Она достала небольшой магнитофон. Поставила его на столик и сразу спросила:
— Сколько процентов правды в рассказах про вас?
— Думаю, не очень много. Процентов двадцать пять от силы. Не больше.
— А все остальное неправда?
— Сильно приукрашенная правда, — чуть подумав, отредактировал Дронго.
— Говорят, что вы нравитесь женщинам, — лукаво заметила Марианна. — У вас есть секрет обольщения?
— Нужно спросить у женщин, — улыбнулся Дронго. — А если серьезно, то думаю, что нет. Я не бабник, если вы спрашиваете про это. Но красивые женщины мне нравятся. Я думаю, они чувствуют мое отношение к ним…
— Какое?
— Достаточно спокойное. Женщин часто пугает дикая энергетика в мужчинах, поэтому они им не доверяют.
— Вы хотите сказать, что у вас нет такой энергетики?
— Не такая дикая. У меня аура спокойного человека. Я не стану убивать, если женщина решит, что со мной не нужно встречаться. И еще я абсолютно не ревнив.
Марианна удивленно посмотрела на него.
— Почему?
— Не люблю ничего доказывать. И не собираюсь этого делать никогда впредь. Если женщина выбирает другого — это ее право. Я не стану ей мешать.
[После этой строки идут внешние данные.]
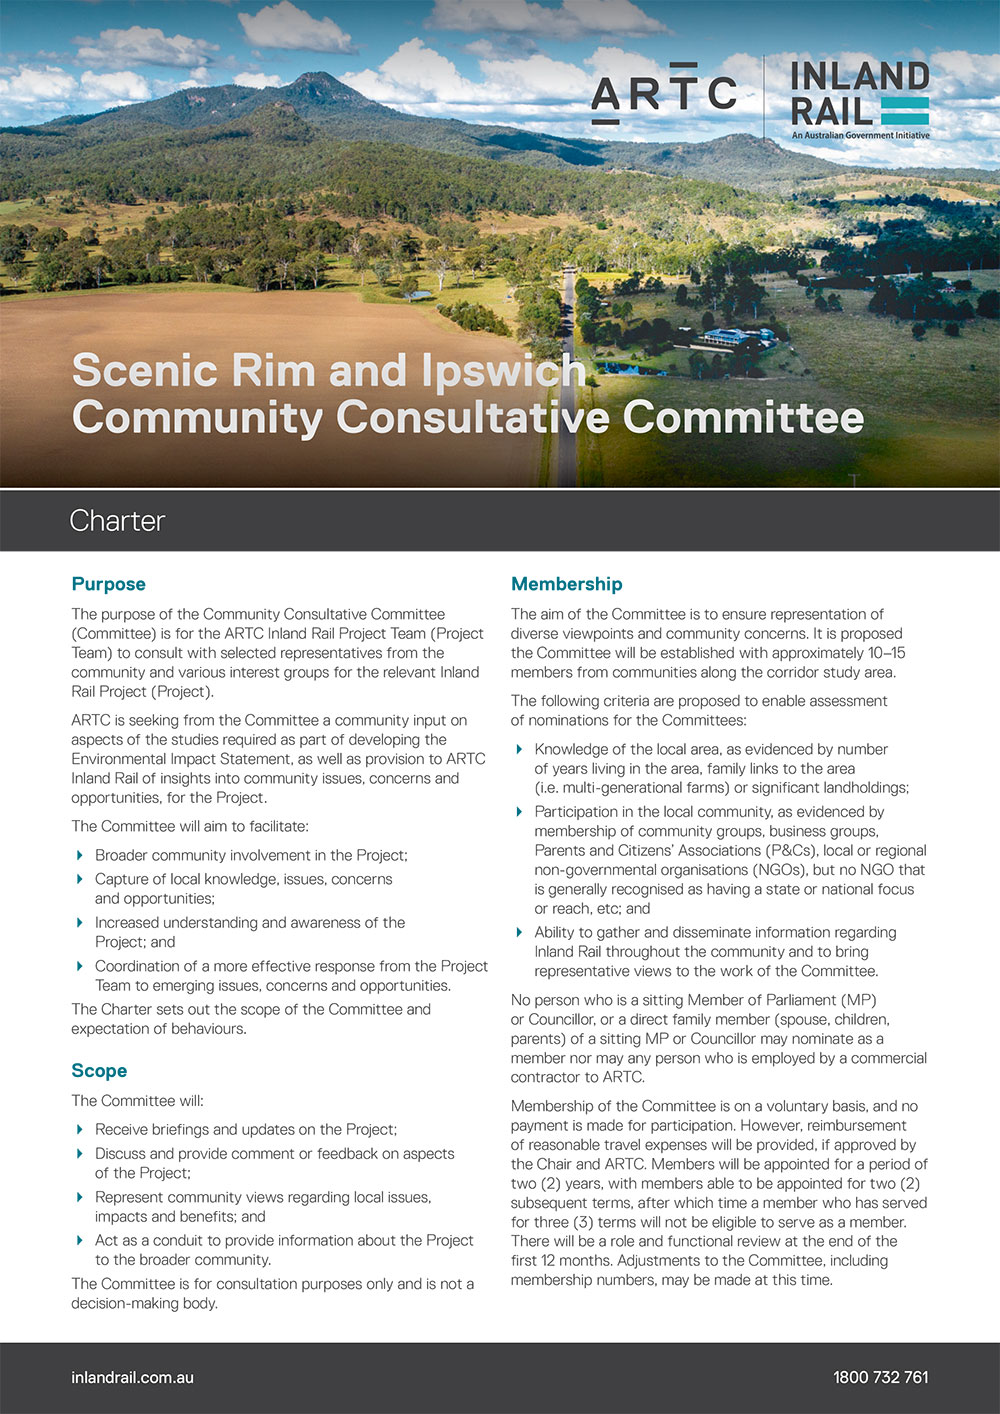 Thumbnail image of Scenic Rim Community Consultative Committee Charter document

— Значит, вы к ней равнодушны.
— Возможно, я буду страдать, но я не стану за нее бороться. Это исключено. Если люди любят друг друга, борьба не нужна. А если женщина колеблется между двумя мужчинами, то это не мой случай.
— Вы оптимист?
— Раньше был оптимистом. Теперь иногда сомневаюсь. Наверное, взрослею.
— Вы не сказали «старею».
— Поэтому и не сказал. Пока не старею, а только взрослею.
Им снова наполнили бокалы.
— На этот раз за вас, — опередила Марианна.
Бокалы чуть слышно звякнули.
— У вас будут проблемы, — заметил Дронго. — Вы не выключили магнитофон, когда мы пили.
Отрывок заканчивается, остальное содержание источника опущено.